Central banks’ holdings of dollar-denominated assets have reached a historic low, driven by Washington’s attempts to lock resource-rich Russia out of the dollar-based global financial system, which has led developing countries to seek refuge in gold as an asset whose value and convertibility isn’t tied to the whims of any one nation and therefore cannot be as easily weaponized.
IMF estimates from the spring cited by Japanese financial newspaper Nikkei in a recent report show that dollar and US Treasury-denominated foreign reserves have hit to 58.9 percent in 2024, down from about 70 percent two decades ago.
Reserves denominated in China’s yuan have also dropped, from about three percent of total foreign reserve holdings in early 2022 to roughly 2 percent today, with Ukraine, Norway, Brazil, Switzerland and Israel leading the way in drawing down their yuan holdings.
A World Gold Council survey published in June calculated that central banks’ purchase of the precious metal topped 1,037 tons in 2023 – the second-highest annual buy-up in history after purchases in 2022, which amounted to 1,082 tons.
China has led the bullion buy-up, adding gold to its reserves for 18 consecutive months from November 2022 onward, increasing them by 16.3 percent, to about 2,264 tons total as of June.
India has also rapidly stacked up its gold-denominated assets, which are currently worth $57.6 billion, or 30 percent more than they were during the same period in 2023. Delhi purchased some 19 tons of gold in the first quarter of 2024 alone, for a total of 841 tons. Apparently learning lessons from Venezuela, Russia and Libya’s sour experiences relating to the risks of storing central bank assets in foreign countries, India recently moved about 100 tons of its gold reserves from Britain back home to domestic vaults.
Nikkei cites the ongoing conflicts in Ukraine and the Middle East, which show no signs of stopping anytime soon, and the “geopolitical risk” of a second Trump term as president and a potential escalation of US-China tensions as factors which are likely to drive central banks to continue dumping dollars and other fiat currencies and stacking up their gold holdings instead.

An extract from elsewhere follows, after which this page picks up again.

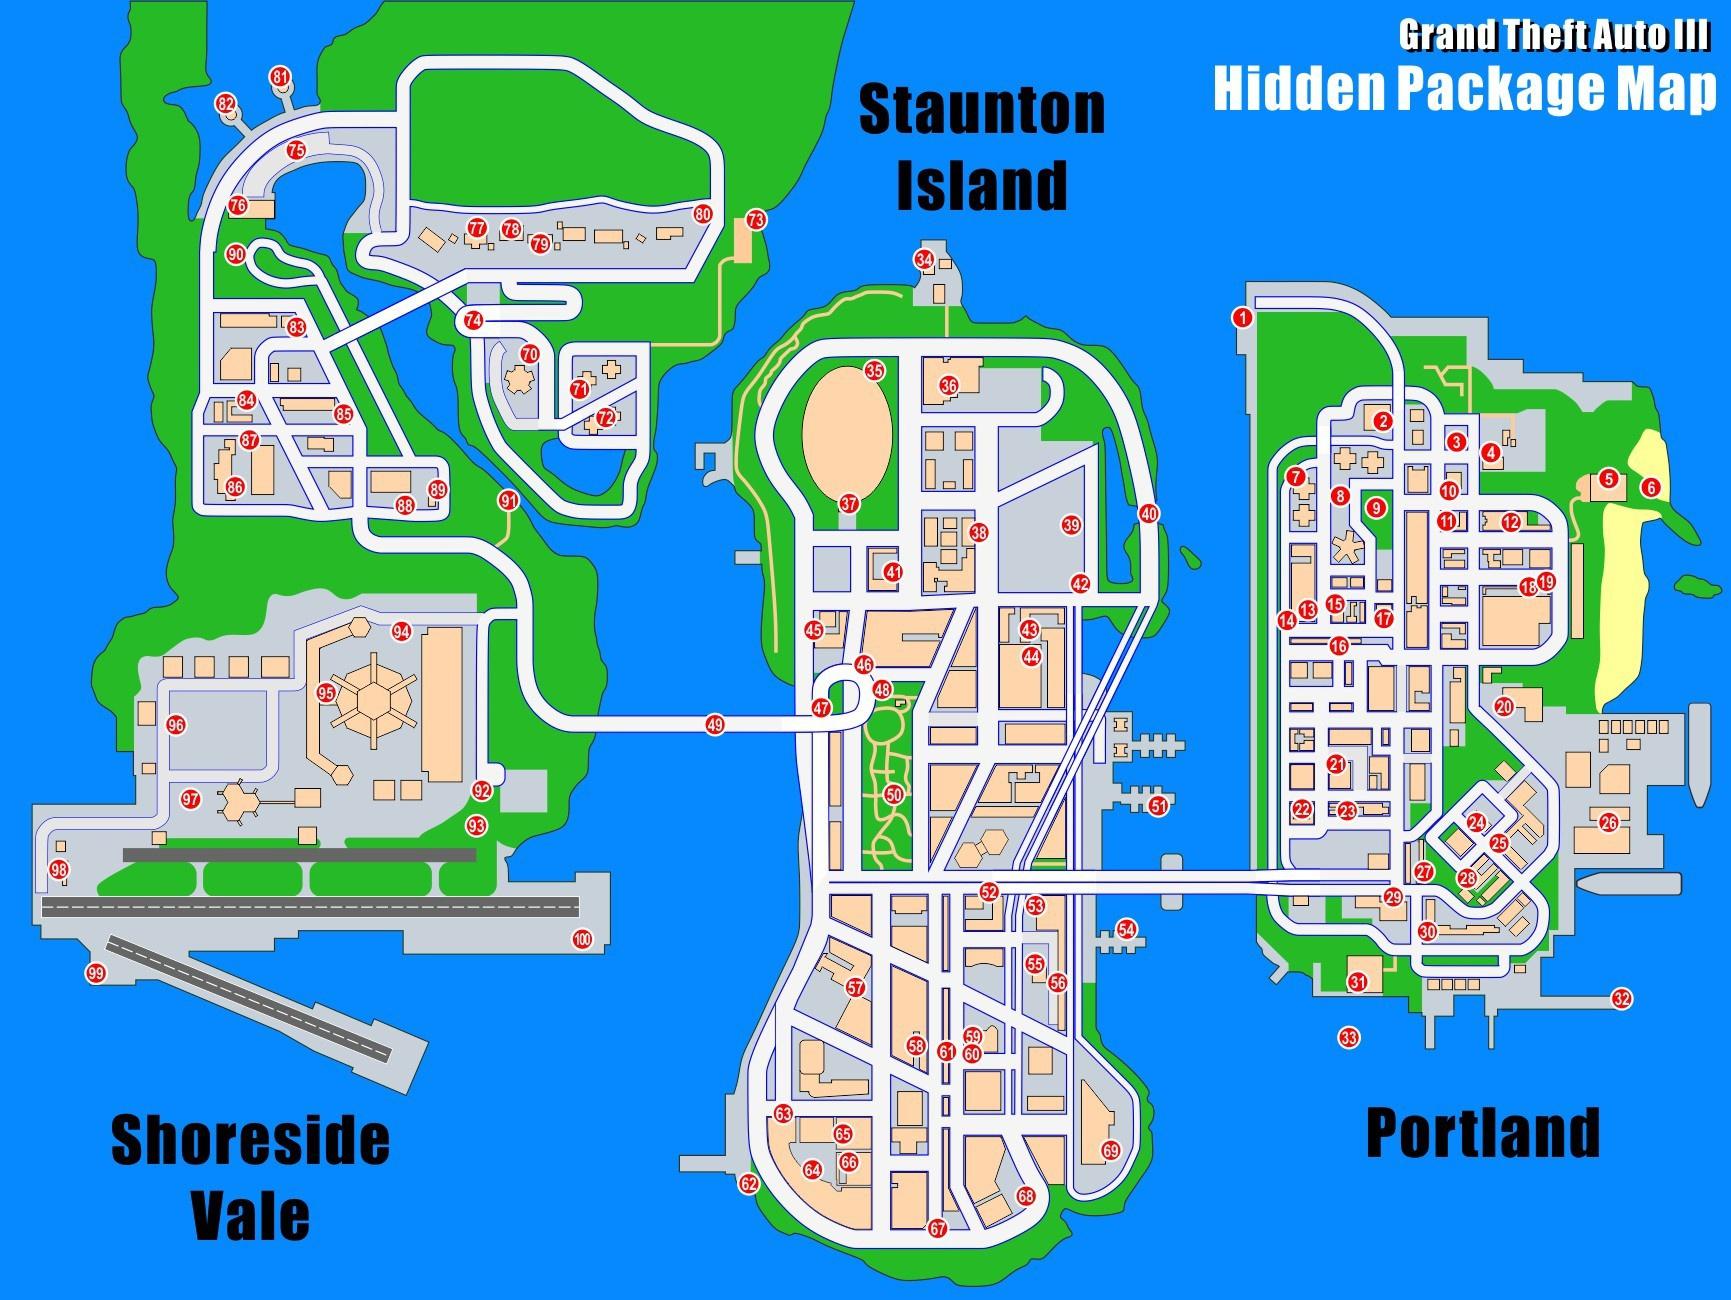 GTA III 100% Completion - Hidden Packages Map

"Not even those high taxes, higher than a lot of places in the world...are really funding the [US] government," El Salvadoran President Nayib Bukele said at a forum in Washington in February.
"So, who's financing the government? Government is financed by Treasury bonds, paper. And who buys the Treasury bonds? Mostly the Fed. And how does the Fed buy them? By printing money. But what backing does the Fed have for that money being printed? The Treasury bonds themselves. So basically, you finance the government by printing money out of thin air. Paper backed with paper. A bubble that will inevitably burst. The situation is even worse than it seems because if most Americans and the rest of the world were to become aware of this farce, confidence in your currency would be lost," Bukele warned.